Hitting rock bottom is never a bad thing because it means you’re on your way back up to brighter things — but when you’re a gay man who’s single AF, the process is daunting and occasionally even hilarious. It’s not just about bad dates and spending important events and holidays alone, either; hitting rock bottom in your single life is a whole new ballgame. Here are some tell-tale signs that you’ve been through the worst of it and you’re on your way up again:
1. YOU’D RATHER HAVE ANOTHER DATE NIGHT WITH MR. FLUFFY THAN AN ACTUAL GUY.Most of your nights are blissfully spent at home in your PJs with your pet pillow because you can’t fathom leaving the house for any social activity. In fact, it’s tiring you out just thinking about it. You’re exhausted both emotionally and physically, so you’ve resolved to live the hermit life until something or someone seriously worthy comes along. And even then you don’t trust your lying feelings and pesky eyes.
2. YOU OWN MORE COMFY CLOTHES THAN GOING OUT CLOTHES.You’re probably not even sure how your jeans fit you anymore because you haven’t worn them for months. Your go-to items are all about comfort and as soon as you’re in the door from work, the pants come off, bonnet goes on ( yes I wear a silk bonnet to bed)and sweatpants go on. Ahhh, pure joy!
3. YOU CAN’T REMEMBER THE LAST TIME YOU REPLACED YOUR RAZOR BLADES. Shaving? What’s that? And for whom would you even consider shaving? I
4. YOUR COWORKERS ARE CONSTANTLY ASKING IF YOU’RE OKAY BECAUSE YOUR LOOK HAS… CHANGED, TO PUT IT KINDLY.Your colleagues wonder if you’re ill or if you’ve been up all night partying due to the state of your appearance. You used to be expertly put together on a daily basis (in case of eligible bachelor sightings) but you could care less now. jeans and sweatshirts are your BFF’s now.
5. YOUR MOM OFFERS TO PAY FOR YOUR ONLINE DATING MEMBERSHIP.Your parents are legit worried about the state of your future, and yes, their future too. As you feel their biological grandparent clocks start to tick, they offer to pay the tab for a match.com or eHarmony account to get you off “that Tinder crap”, as they like to call it.
6. YOU’VE ALREADY DATED YOUR FIRST THREE GRINDR MATCHES.When you do log onto to Grindr to hopefully seek a future boyfriend or an actual date for that matter, you’re met with a list of familiar faces that you’ve already dated but you swipe right anyway. You’re not above recycling anymore.
7. YOUR FRIENDS HAVE STOPPED GIVING YOU A PLUS-ONE INVITE.It’s just assumed now that you won’t have someone to bring to any wedding or holiday gathering you attend, so all of your envelopes are marked “Dear Single friend” and your RSVPs are requested for you and you only.
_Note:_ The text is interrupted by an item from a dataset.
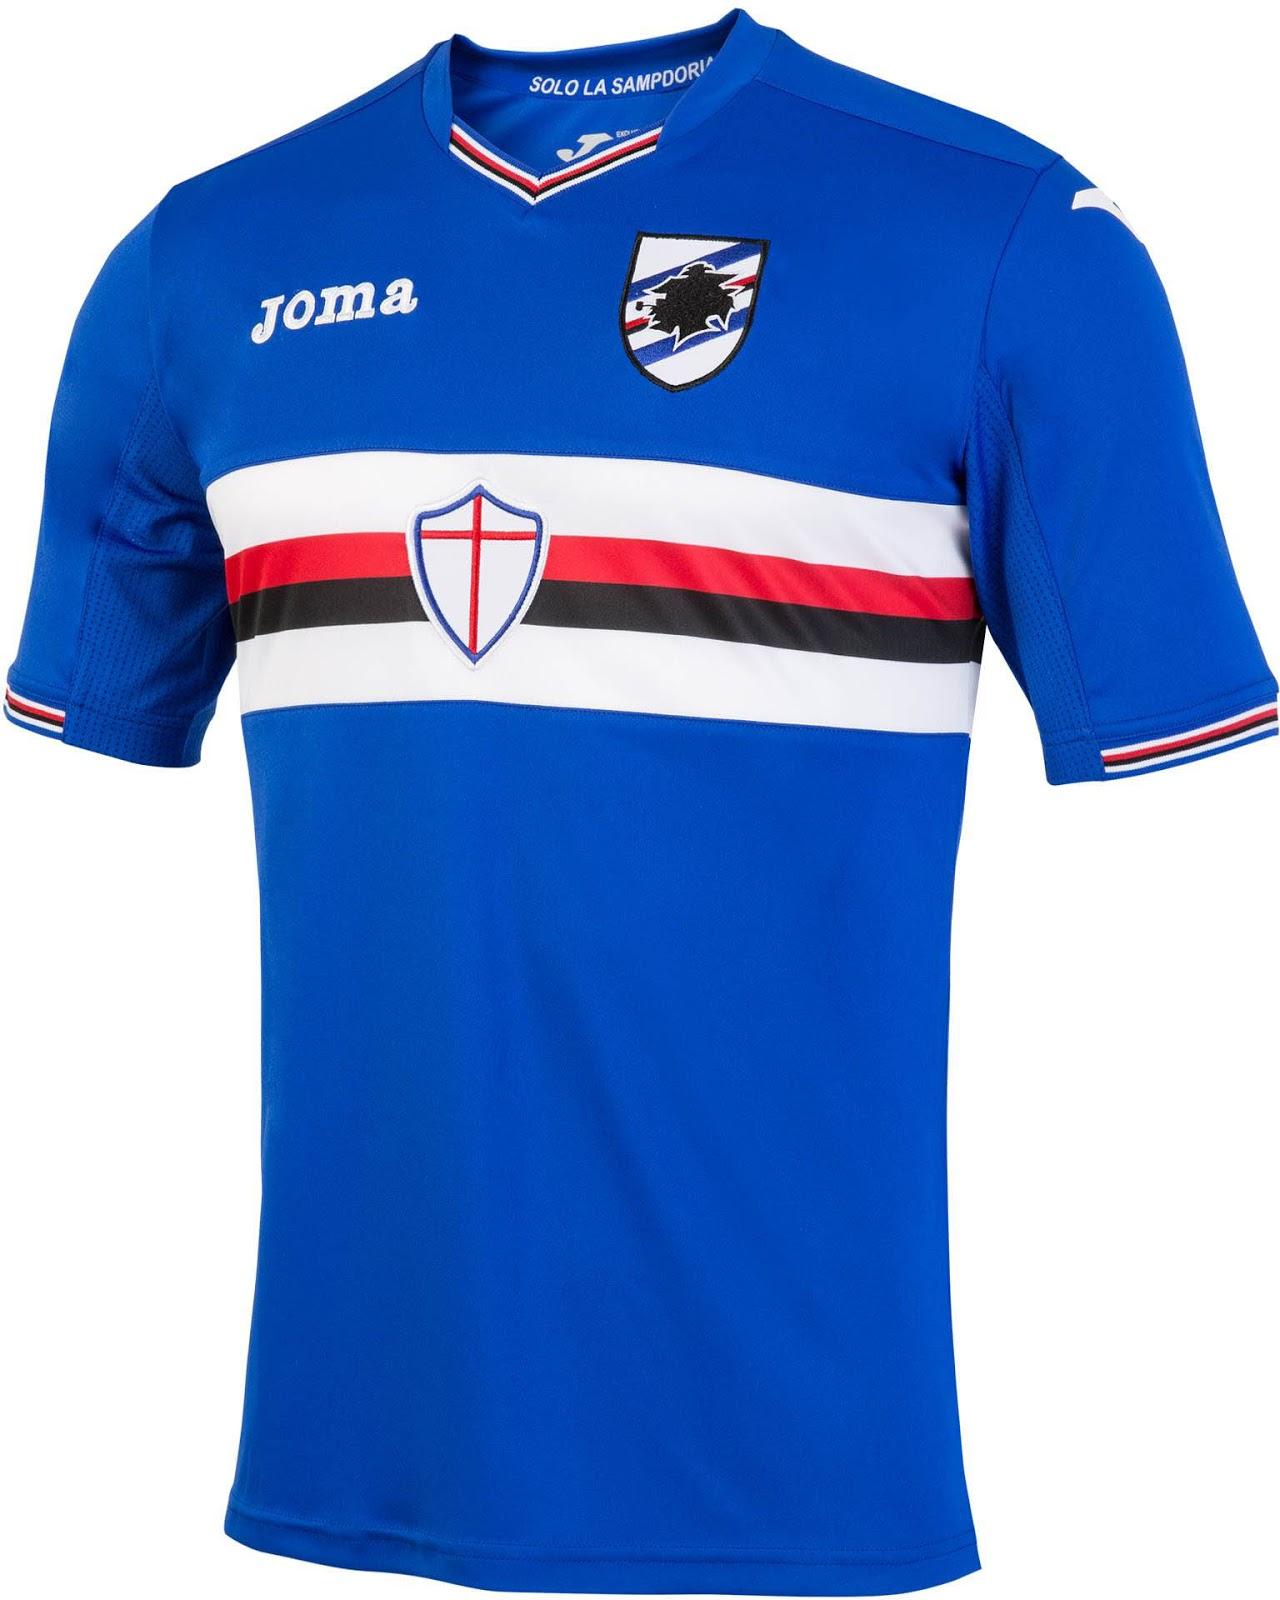 Sampdoria 16-17 Home, Away and Third Kits Released - Footy Headlines

8. YOU’RE ALWAYS THE FIRST TO LEAVE PARTIES.You’re the first one to make a stealth exit from parties to the point that you’ve gotten really good at leaving without those awkward goodbyes and answering those, “So what are you up to for the rest of the night?” questions. Everyone knows the answer and you’re eager to get to it, which is home to the comfort of your pajamas and away from social interaction among other happy couples.
9. YOU HAVE NO ACTIVE MEMBERS IN YOUR LITTLE BLACK BOOK AND YOU LIKE IT THAT WAY.You stopped hooking up with your friend with benefits a long time ago and your bedposts are so dusty, you could write poetry on them. You’re not just single, you’re so painfully single that sex and being intimate with anything that isn’t battery operated has become a completely foreign concept to you.
10. YOU SERIOUSLY DGAF THAT YOU’RE SINGLE.Rock bottom isn’t the worst place to be, but it’s clear that you’re there and it actually doesn’t really faze you at all. You’re on your own — maybe it’ll be that way forever or maybe it won’t; only time will tell. The funny thing about being at the rock bottom of your single life is that it’s actually a pretty comfortable place to be. Sure, the people around you might take notice of your single AF lifestyle and your blatant disregard for romance, but that’s probably exactly where you’ll be when you finally meet the right person. Like they say, you have to hit rock bottom before you start to see amazing things start to happen so embrace your rock bottom single life. It’s a sign something is about to change for the better.